Lesson 9 -- first quarter 1996
January 28, 1996

by Mark Roth
© Copyright 1995, Christian Light Publications

People have a way of being oppressive and inflicting affliction on others. This can be done physically, verbally or psychologically. The natural response is to gauge our response by our strength. The natural man who perceives himself strong will do what he can to protect himself. Many will attack the attacker. The natural man who perceives himself weak will flee or bear. These responses are normal, bred into our flesh.

The abnormal response is the spiritual. In this scenario, the individual who perceives himself strong will flee or bear. This helps me distinguish between meekness and weakness. The weak bears because he can do nothing else. The meek bears because he has chosen to not exercise his power to protect, deliver and avenge himself.

In considering the meek response, we must also look at his tongue and his mind. Meekness affects both. Neither reviles, neither complains, neither glories or gloats in bearing. May God grant me quietness of tongue and heart whenever He calls on me to bear reviling, accusation, affliction and rejection.

Meekness also pays the bill. Little did Jesus' enemies realize that even as they "went into debt" by oppressing Him, He was gladly paying the price for their forgiveness. That gives meekness a redemptive quality. Jesus was suffering and dying so that He might be able to offer cleansing to those who were making Him suffer and die! No wonder meekness is a fruit of the Spirit! No one could yield such abnormal delicacy without God's Spirit in him.

Jesus' suffering and death mark the supreme height of peacemaking. We look on successful peacemakers with appreciation and respect. We bless those who guide warring parties to forgiveness, love and partnership. The beauty of peace may even make us wistful and wishful about being peacemakers ourselves. Then we must notice that our lesson says, "the chastisement of our peace was upon Him." One thing this tells me is that anyone wishing to serve as a peacemaker must go into it with a heart disposed to suffer for the sake of bringing peace.

The Son of God "is our peace" "having made peace through the blood of His cross" because He wanted "to guide our feet into the way of peace" (Ephesians 2:14; Colossians 1:20; Luke 1:79). Now I can understand a little better the relationship He drew between being peacemakers and being the children of God. The begotten of the Father are natural peacemakers! They pursue peace because they serve the Prince of Peace. The strive and suffer for peace because they wish to bless the warring ones, not because they hope for appreciation or recognition for themselves. Our generation and our churches suffer from a dearth of peacemakers. What are you willing to do to fill in the gap?

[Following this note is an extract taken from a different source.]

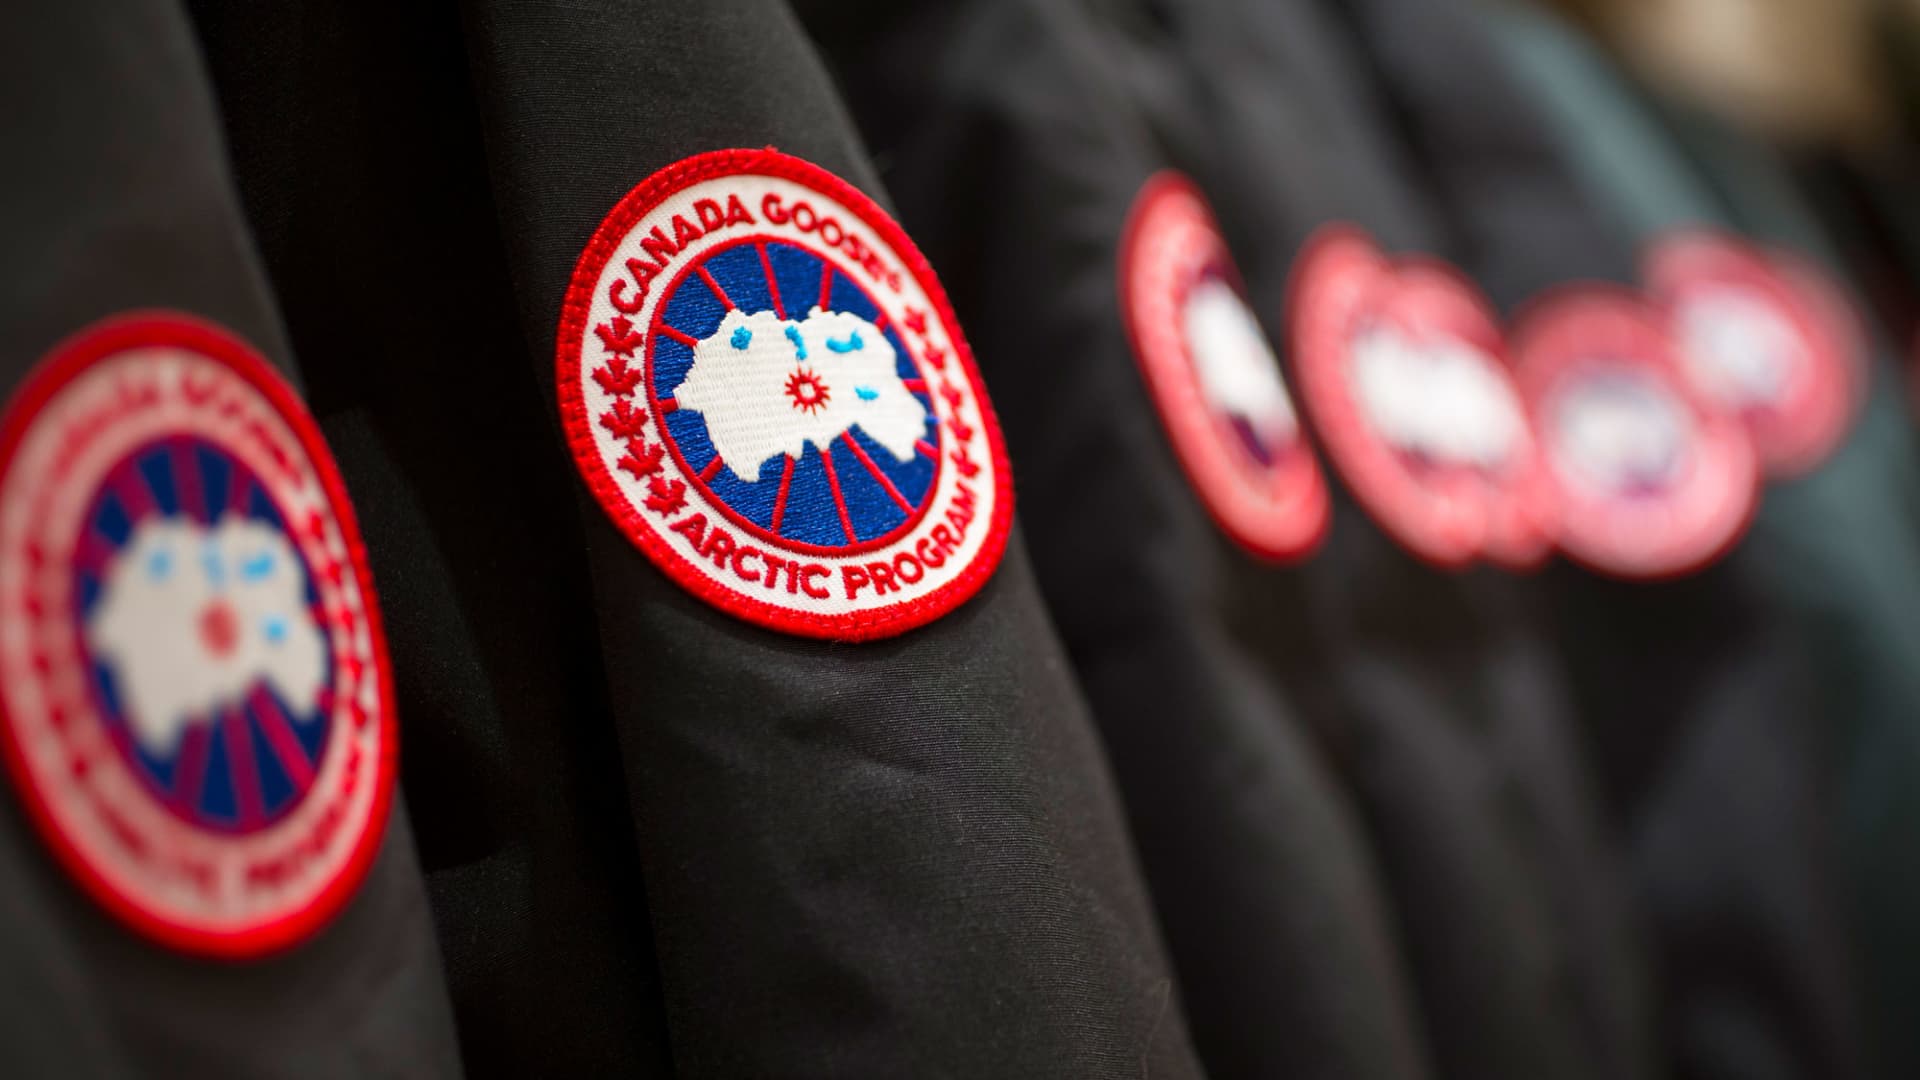 Canada Goose to chop 17% of its company workforce, following string of retail layoffs

Who would you say are the sheep in this lesson? We went astray like sheep according to verse six, yet verse seven tells us that Jesus was treated as a lamb. Get the concept clearly in mind because it is so crucial to a proper understanding of leadership and authority. The Shepherd was treated as a sheep! And the Shepherd chose to respond as a sheep! This has another key concept closely related to it: the Shepherd taught His sheep how to be sheep! I find that absolutely amazing. May God continually remind you and me of this whenever we find ourselves in positions of authority and responsibility.